In this respect, the dissemination of items of regionally correct time information by means of encoded signals on telegrams by way of regional long-wave transmitters such as in particular the transmitter DCF 77 at Frankfurt (Main) in Germany for dissemination of the official Central European Time has the inestimable advantage that, because of ground wave dispersion of the long waves and their capacity for penetration even into moderately well-screened spaces, practically everywhere in everyday life it is important to be able to sufficiently reliably receive the time telegrams even with miniaturized antennae and receivers in wristwatches. That applies in a large area of at least 1000 km radius, that is to say at any event over the region of a time zone. There is therefore only precisely the problem that the consumer does not see from his watch when he changes from one respective time zone to another when crossing the River Oder in the East or the English Channel in the West, because the continuing reception of the regional transmitter in Frankfurt still causes a display of the current Central European time.

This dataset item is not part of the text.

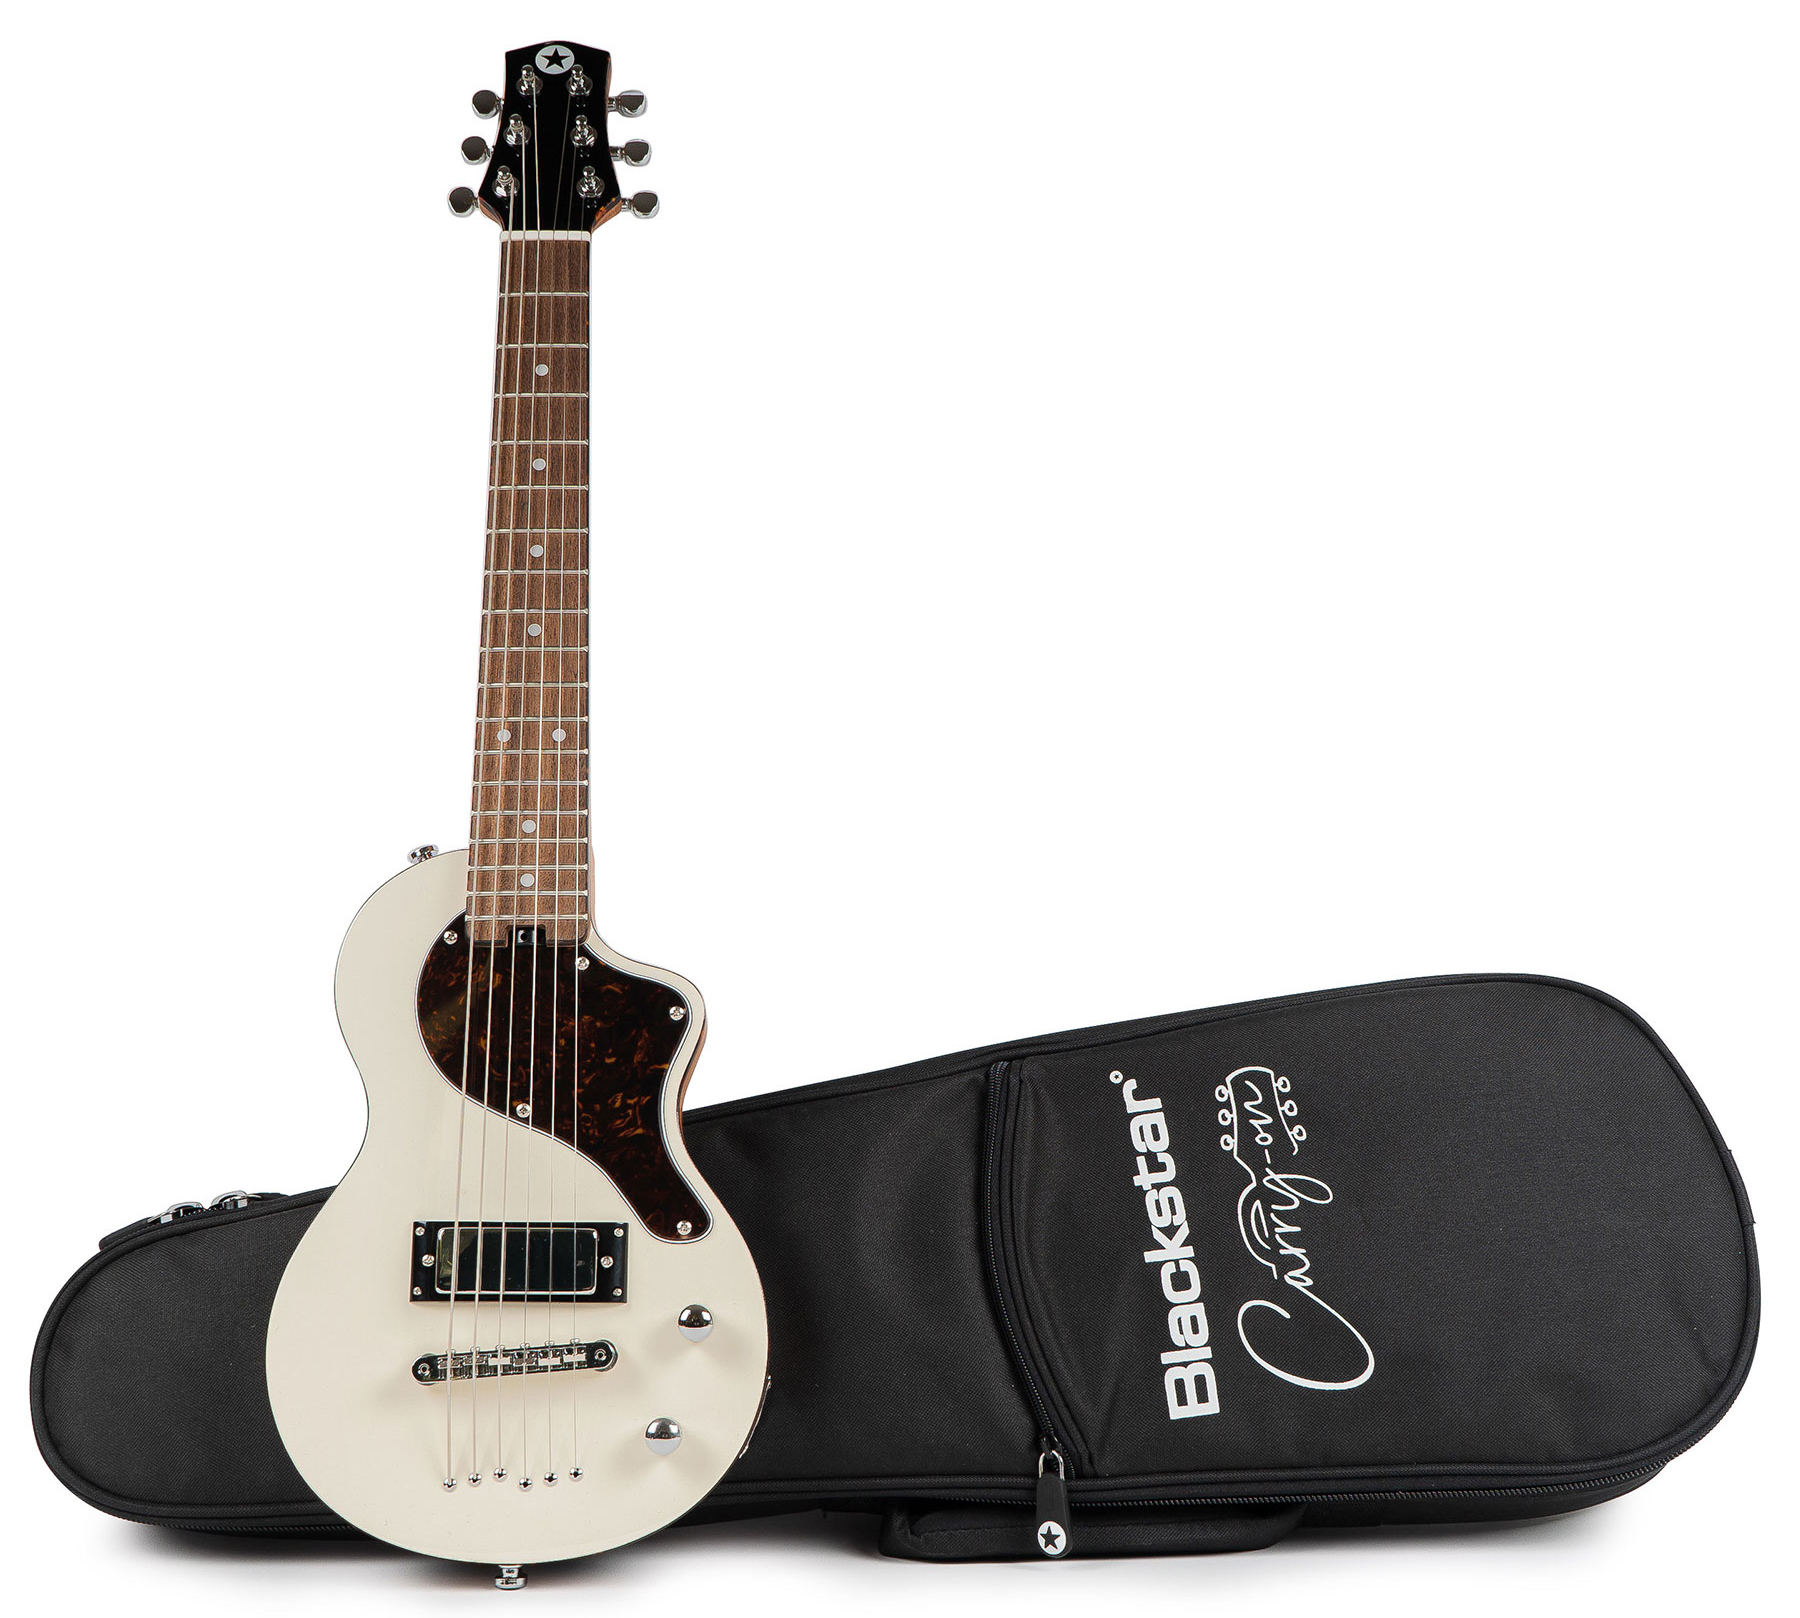 Blackstar Carry-on Travel Guitar +housse - White - Guitarra eléctrica de viaje - Variation 5

Admittedly, regional time transmitters are operated in various regions of the Earth such as in particular in North America, in Great Britain and in Japan, which emit real-time telegrams in accordance with the local time of the location of the transmitter or in relation to the world time UTC. However, for the simple reason of avoiding interference phenomena which disturb operation thereof, each transmitter operates on a different frequency. In addition, the data format of the telegram encodings of the respective regional time transmitters is greatly different, so that even the complication and expenditure for frequency changing in the radio-controlled timepiece would still not be sufficient to ensure that, in the reception area of another regional time transmitter, the timepiece can automatically display the local time thereof.
In consideration of those factors and problems which relate in particular to the demand for a consumer radio-controlled timepiece which can be produced economically and which can be used without difficulty in any time zone, the object of the present invention is to provide for consumers, in regions in which regional time telegram transmitters cannot be received, a local time which is always directly accurate and which is derived from a time base available on a supraregional basis, such as in particular a satellite system or an Internet time provider.
SUMMARY OF THE INVENTION
In accordance with the invention that object is essentially achieved in that a conversion into the local time at the place of operation is effected in local satellite or Internet time receivers operated in a stationary or mobile mode, and that time information is then in turn radiated again in the format (that is to say at the frequency and with the encoding pattern) of a current regional time transmitter such as in particular the DCF 77, with a very low level of transmission power—and thus receivable only in the close-range region.